The settlement between the Country Music Foundation, which operates the museum, and the trustee handling the bankruptcy for Bob McLean was filed Tuesday in bankruptcy court in Nashville. It requires the museum to pay $750,000 to McLean's bankruptcy estate to help pay back his creditors.
McLean, an investor from Murfreesboro, was accused of swindling victims of more than $67 million in a Ponzi scheme. He committed suicide last year after investors filed an involuntary bankruptcy suit against him.
McLean donated two Johnny Cash guitars to the museum, each valued last year at $125,000, and pledged money that allowed the museum to enter confidential purchase agreements for the other instruments: Monroe's 1923 Gibson mandolin, once priced at $1.1 million, and Carter's 1928 Gibson guitar, once priced at $575,000.
As part of the settlement, which is still subject to court approval, the museum will write off the unpaid balance of McClean's pledges: $870,850.
The agreement comes after more than a year of negotiations with Robert Waldschmidt, the trustee for McClean's bankruptcy estate.
Waldschmidt had sought to recover about $1.54 million from the museum. As an alternative, he asked the court to order the museum to surrender the instruments so they could be sold to satisfy McLean's creditors.
But museum director Kyle Young said it did not have the money, and the instruments, like all of its collection, are held in trust for the benefit of the public.
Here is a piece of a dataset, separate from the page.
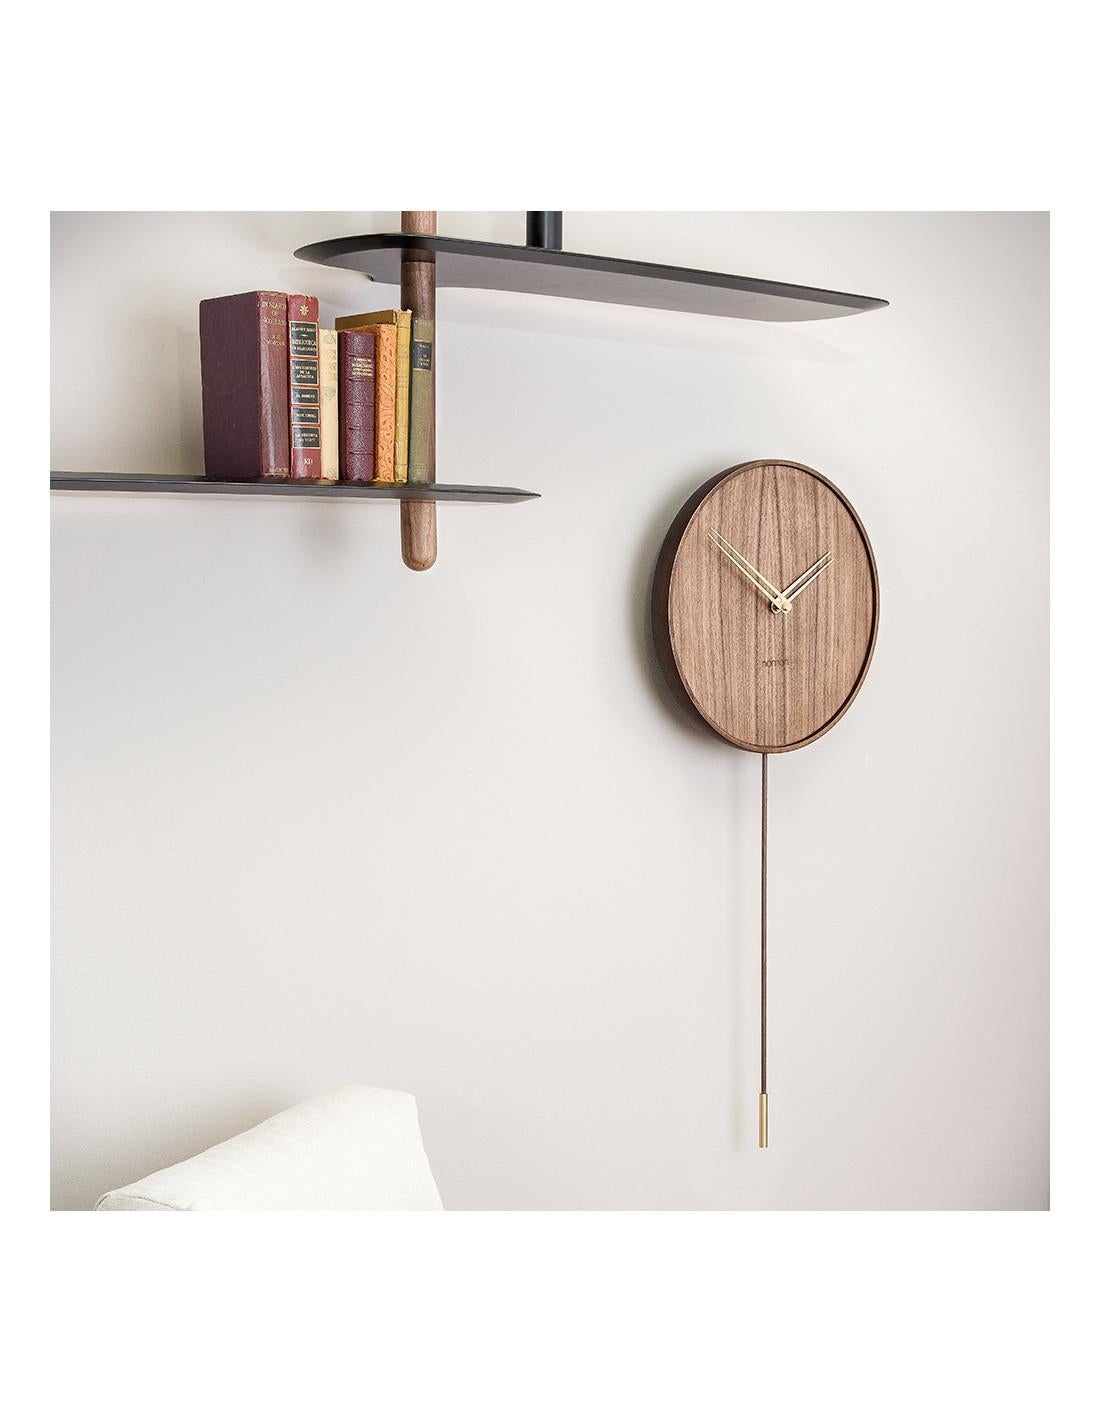 The Swing Gclock will allow you to maintain an interior design that stands out for incorporating a delicate and simplistic soft touch no matter what room you are in. The comfort of this clocks design will go hand in hand with the simple and
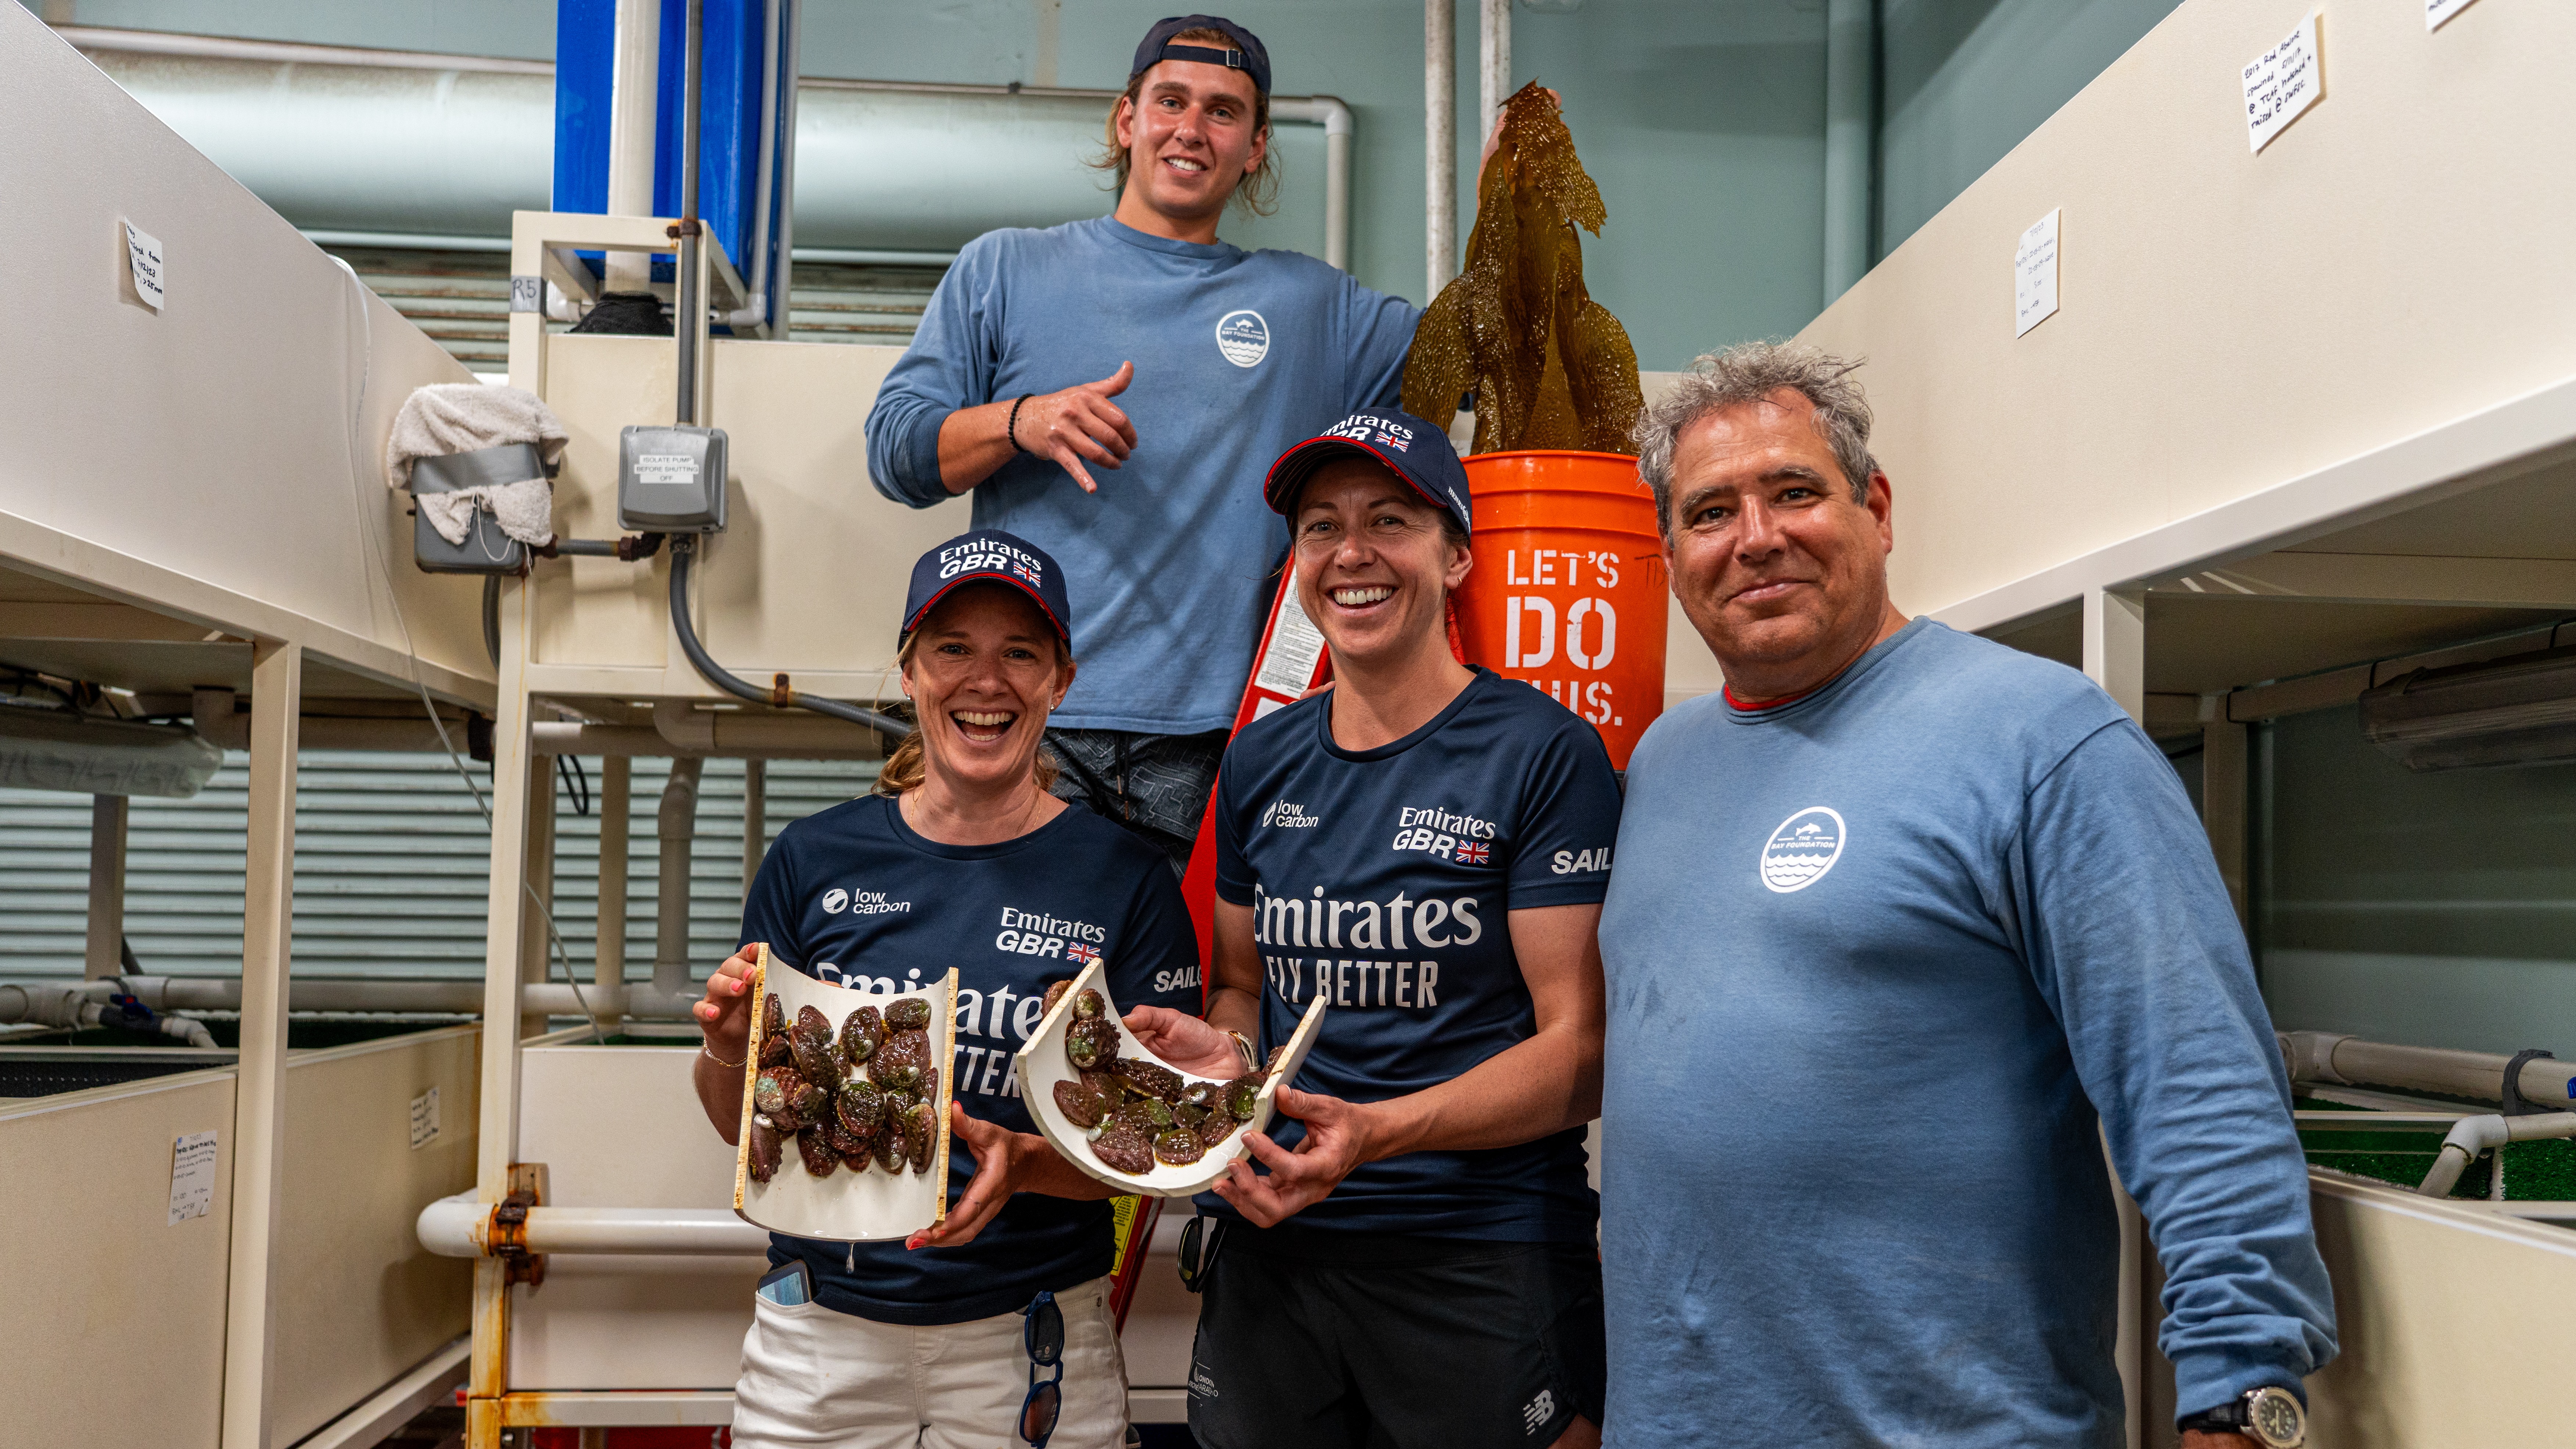 Season 4 // SailGP athletes pose with white abalone in Los Angeles

The collection does not appear on the museum's balance sheet and cannot be used as collateral, he said.
"We could not merely turn them over to the trustee," Young said.
Waldschmidt called the settlement a "fair compromise" that will benefit the bankruptcy estate and its creditors while also preserving the museum's collection.
"Everyone involved in this lawsuit was sensitive to the historical significance of the instruments involved," he said. "However, the interest of the creditors in this bankruptcy proceeding, many of who lost their life savings, could not be ignored either."